DeepSeek begins developing custom AI inference chips to reduce dual dependency on NVIDIA and Huawei.
The AMW Read
Updates DeepSeek's §4.2 case study with a strategic move from model-maker to chip-designer, introducing a new variable in the US-China AI hardware contest, with cross-segment implications for inference economics and the China AI chip market.
DeepSeek begins developing custom AI inference chips to reduce dual dependency on NVIDIA and Huawei.

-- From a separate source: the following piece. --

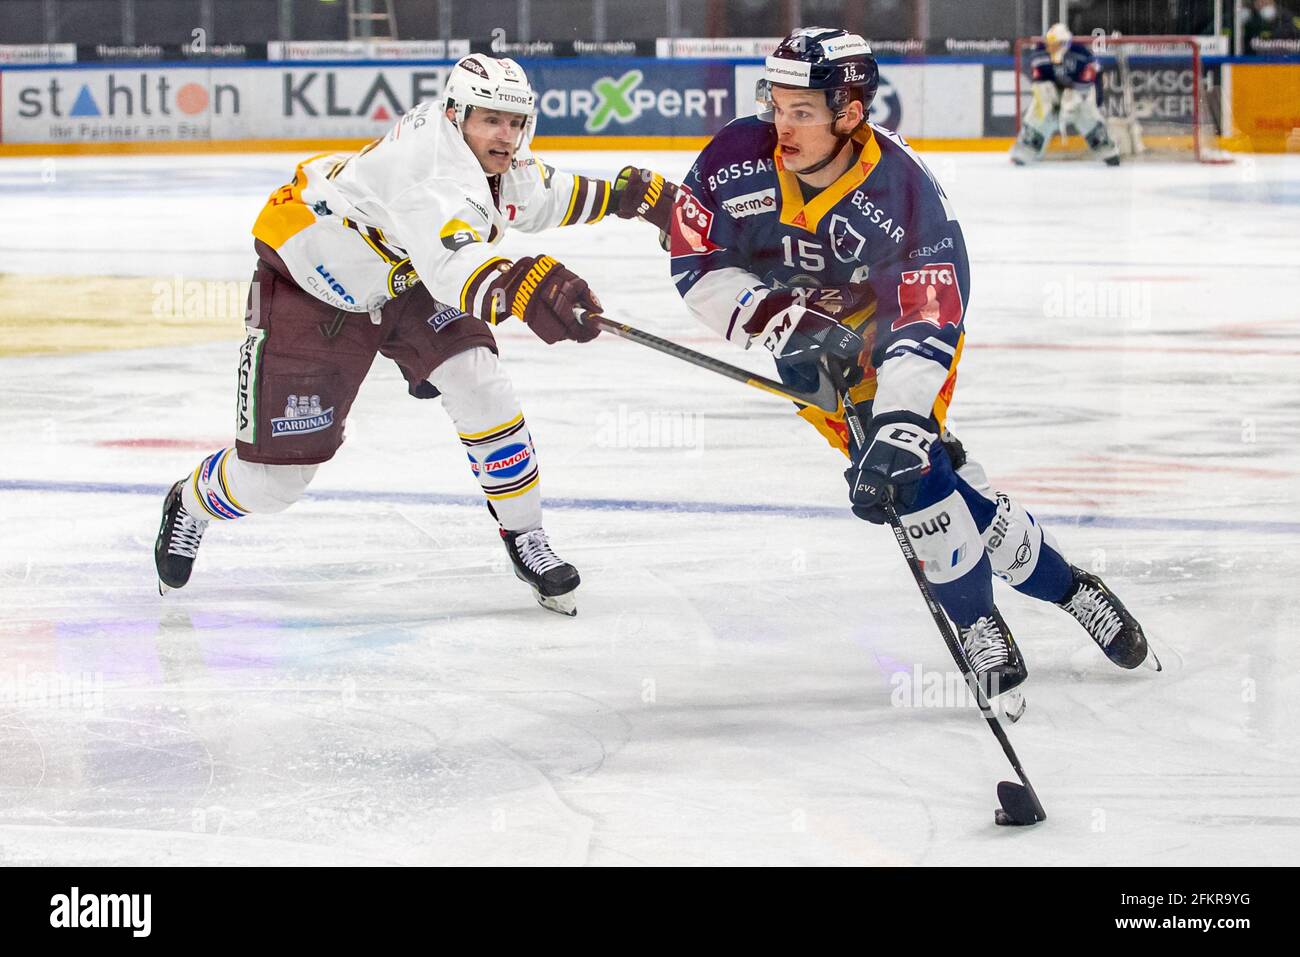 # 86 Joel Vermin (Geneva) arrives late against Gregory Hofmann # 15 (EV Zug) during the National League Playoff Final ice hockey game 1 between EV Zug and Geneve-Servette HC on May 3rd, 2021 in the Bossard Arena in Zug. (Switzerland/Croatia OUT) Credit: SPP Sport Press Photo. /Alamy Live News Stock Photo
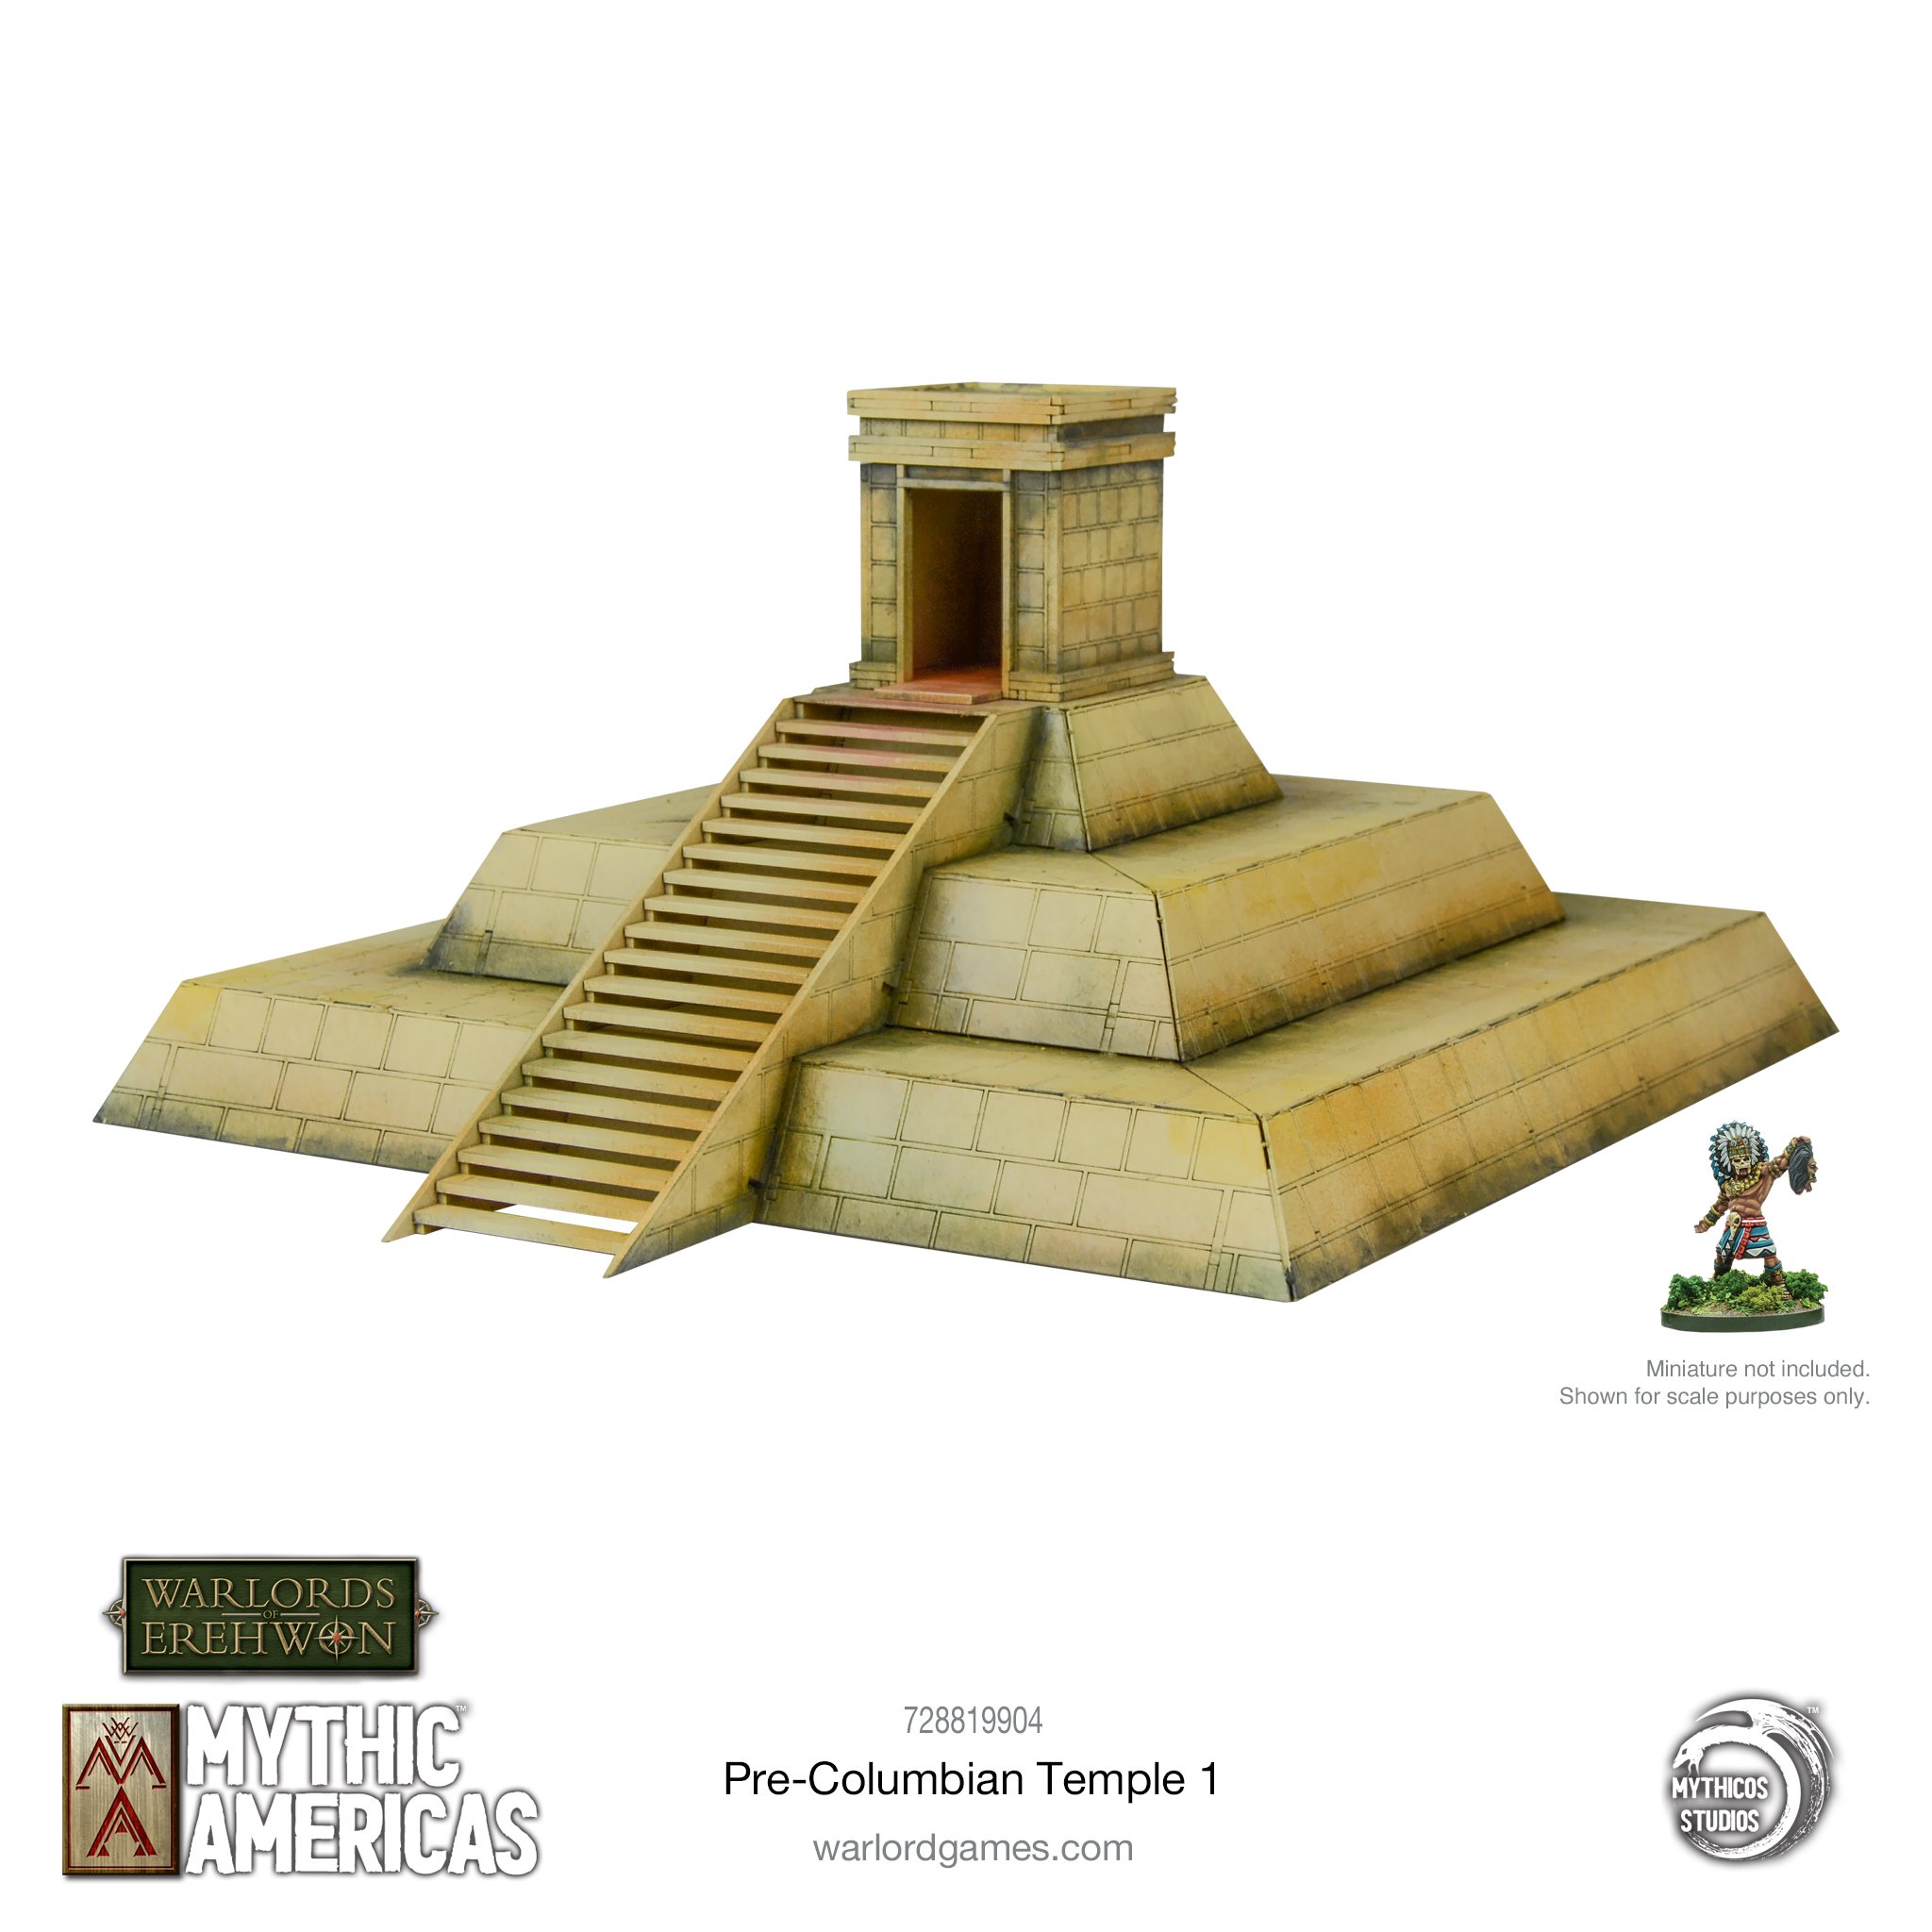 Warlords of Erehwon: Mythic Americas- Pre-Columbian Temple

DeepSeek has initiated an in-house AI chip development program focused on inference processors, according to a Reuters report citing multiple sources. The Chinese AI firm has been working on custom silicon for roughly a year, and is in discussions with chip design firms, foundries, and memory suppliers. The chips are designed for inference workloads — the compute stage where trained models generate responses to user queries — rather than for training new models. DeepSeek has been quietly expanding its chip design engineering team through private industry networks rather than public job postings.
Why it matters: DeepSeek's move to custom silicon updates two structural forces in the AI substrate — the hyperscaler-distribution pattern and the capital-compression arc playing out in China's AI ecosystem. After US export controls cut off access to NVIDIA's H800, DeepSeek shifted to Huawei's Ascend chips, creating a new dependency on a vendor that is simultaneously a cloud competitor and whose hardware roadmap and capacity constraints caused a reported delay in DeepSeek's next-generation model in 2025. This mirrors the broader vertical-integration play seen at OpenAI (Jalapeño inference chip with Broadcom), Google (TPU), and Amazon (Trainium/Inferentia), but with a geopolitical overlay unique to Chinese firms: the foundry and HBM-access constraints imposed by US restrictions on advanced semiconductor manufacturing and high-bandwidth memory.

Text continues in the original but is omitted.